### Recorded information
◇ ◇ ◇ ◇ ◇ ◇ ◇
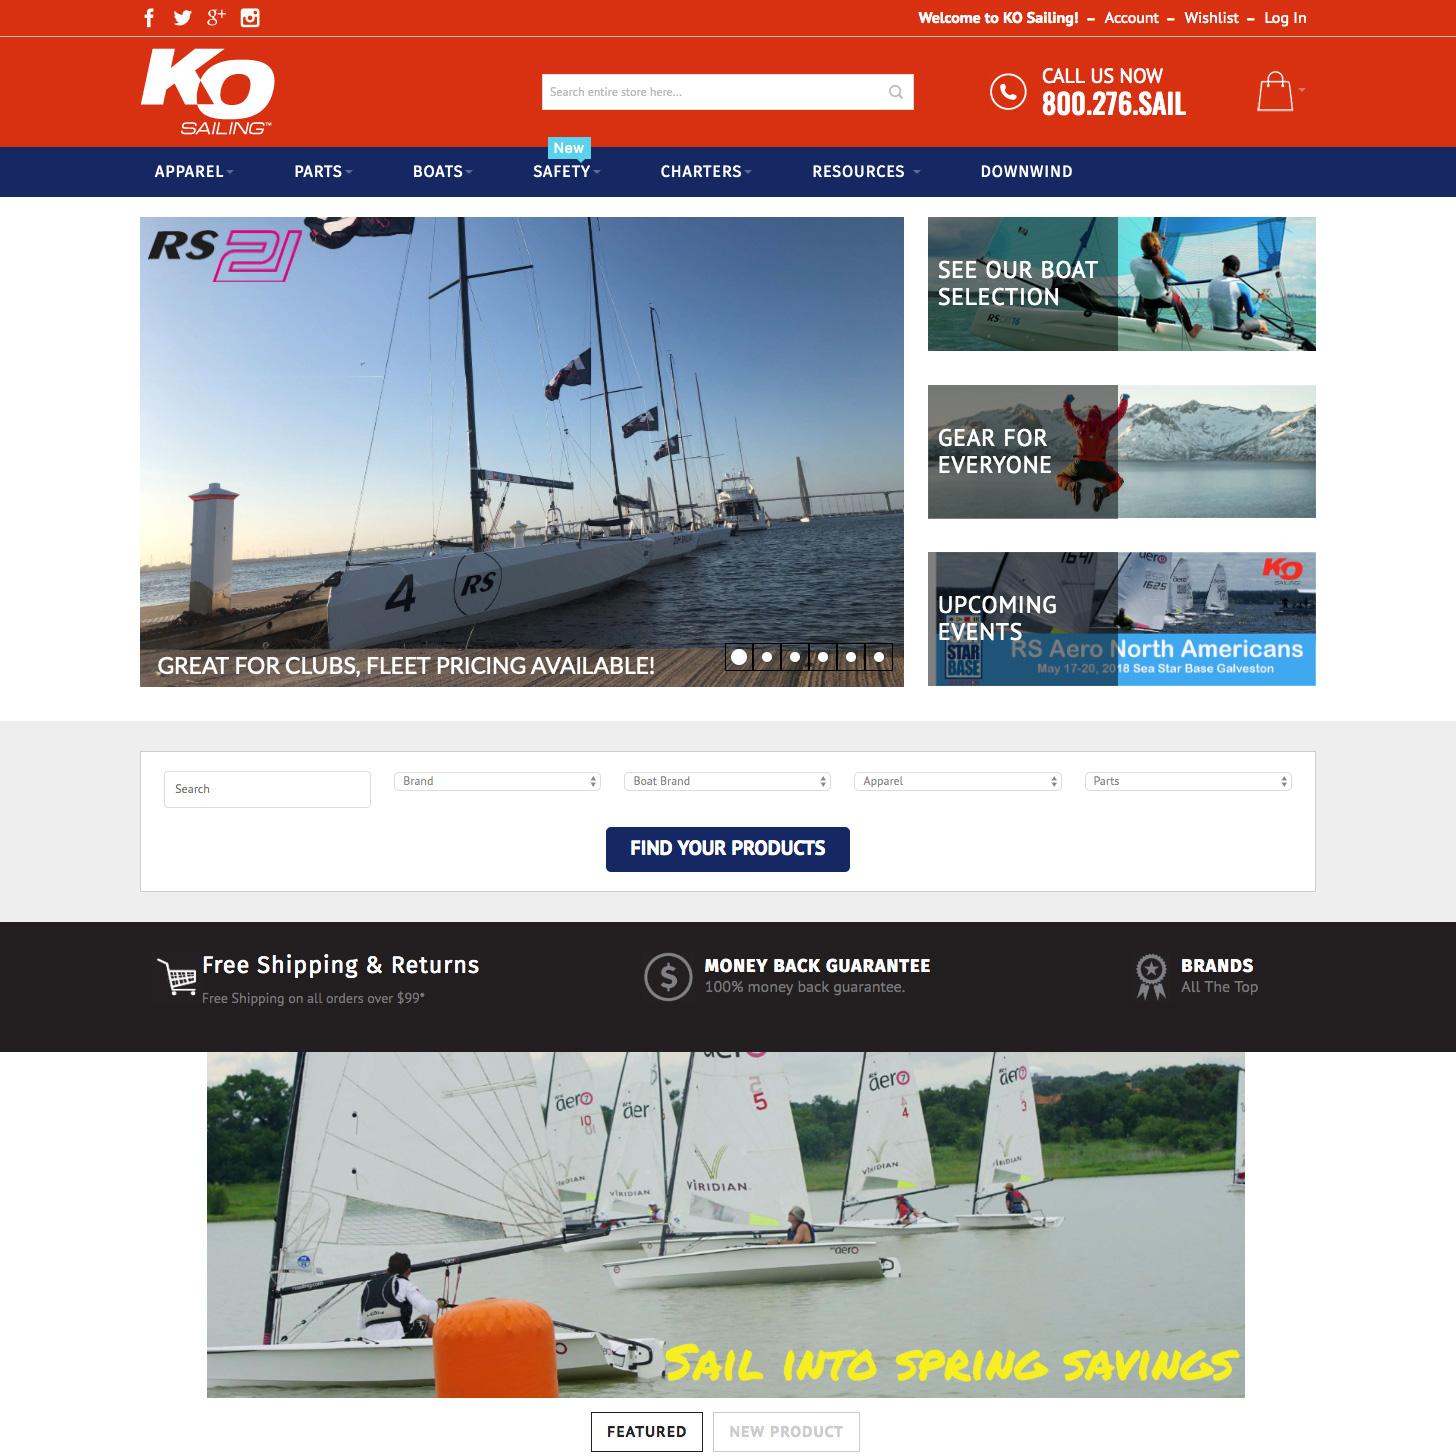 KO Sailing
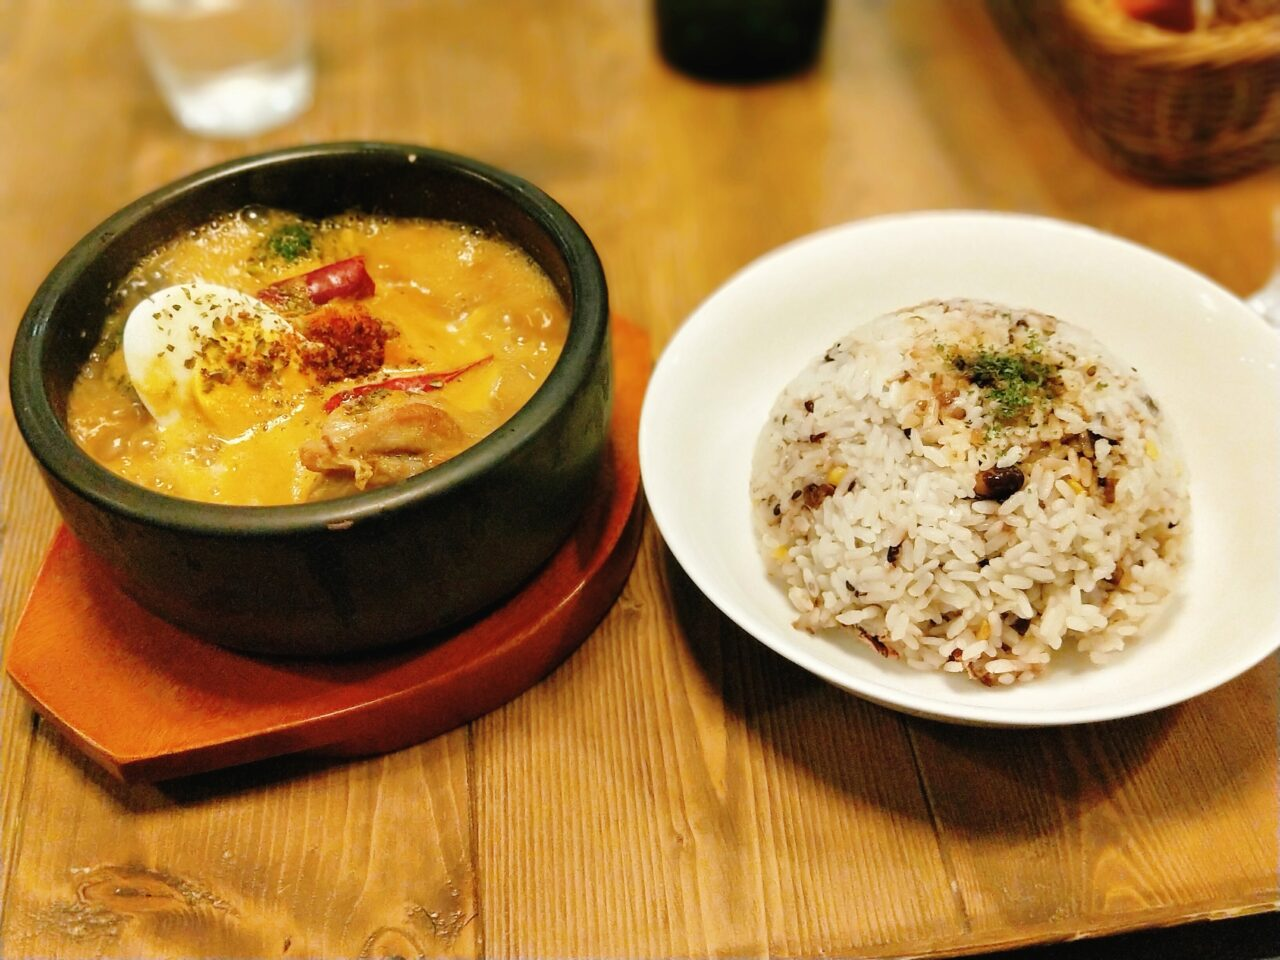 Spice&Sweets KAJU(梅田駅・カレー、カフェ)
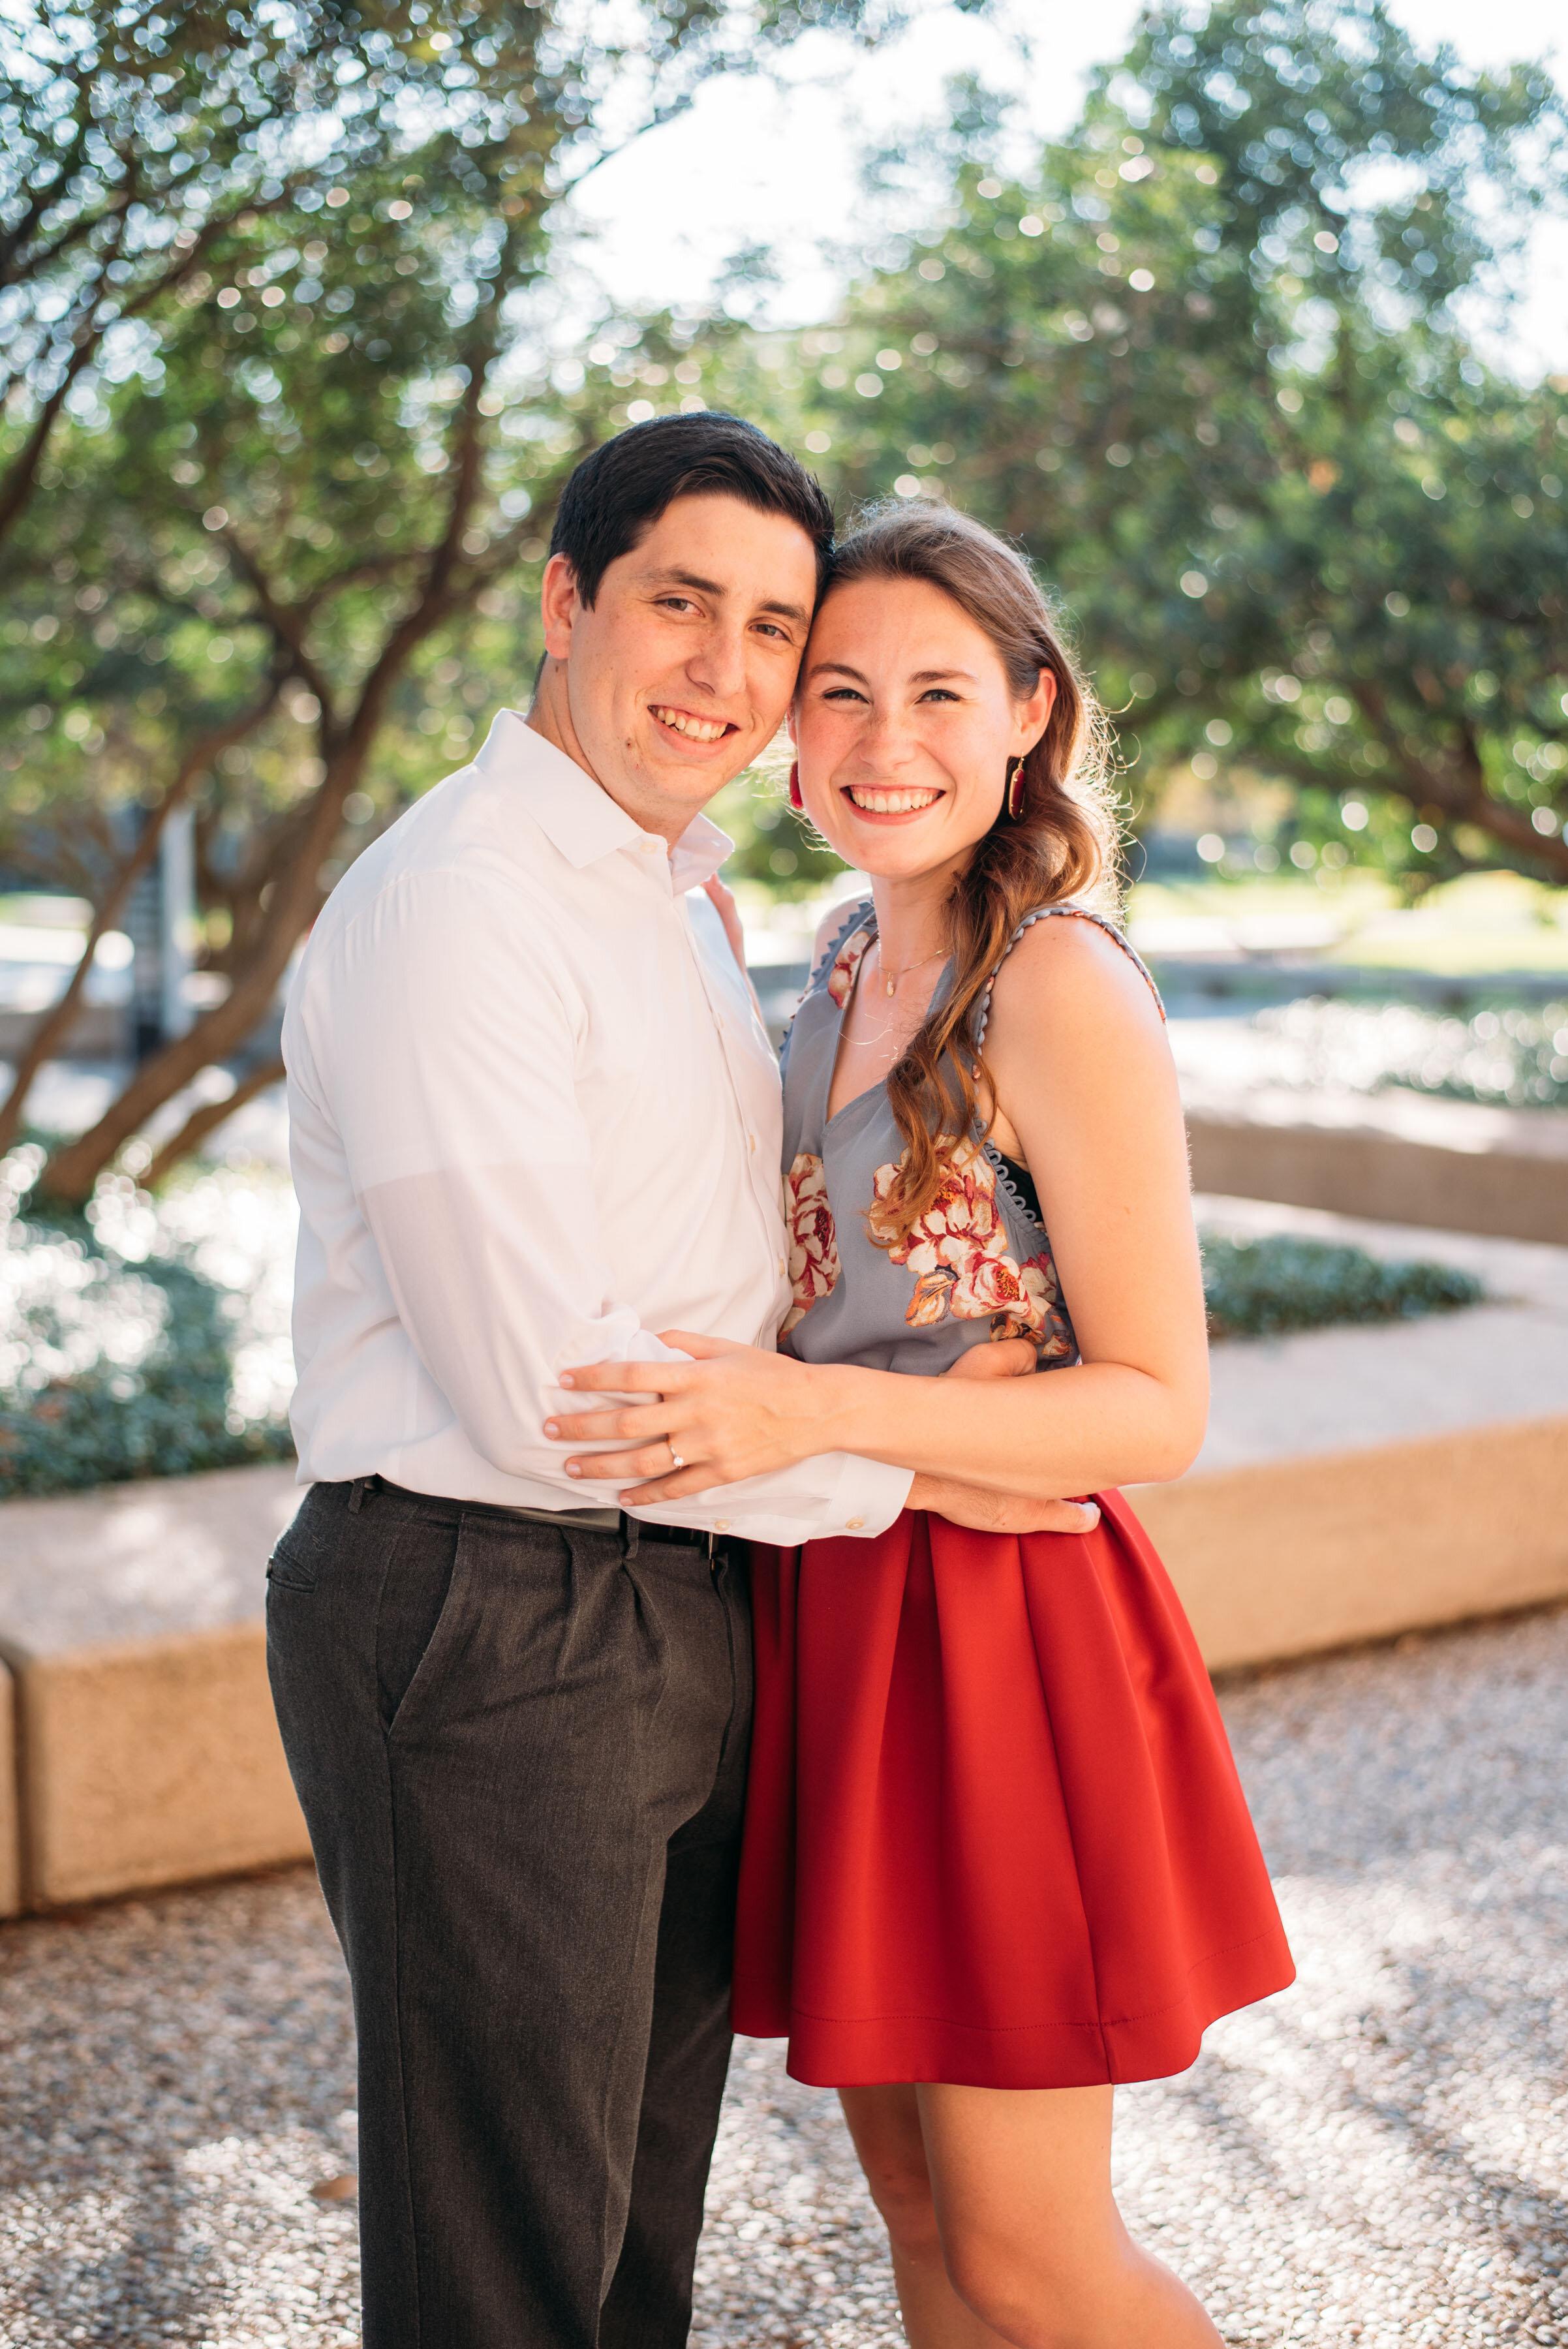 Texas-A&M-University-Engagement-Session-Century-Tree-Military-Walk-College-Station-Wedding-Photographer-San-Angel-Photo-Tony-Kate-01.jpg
◇ ◇ ◇ ◇ ◇ ◇ ◇
### What you should do
Reproduce the listing exactly, images omitted.

### Solution to this exercise
 KO Sailing
 Spice&Sweets KAJU(梅田駅・カレー、カフェ)
 Texas-A&M-University-Engagement-Session-Century-Tree-Military-Walk-College-Station-Wedding-Photographer-San-Angel-Photo-Tony-Kate-01.jpg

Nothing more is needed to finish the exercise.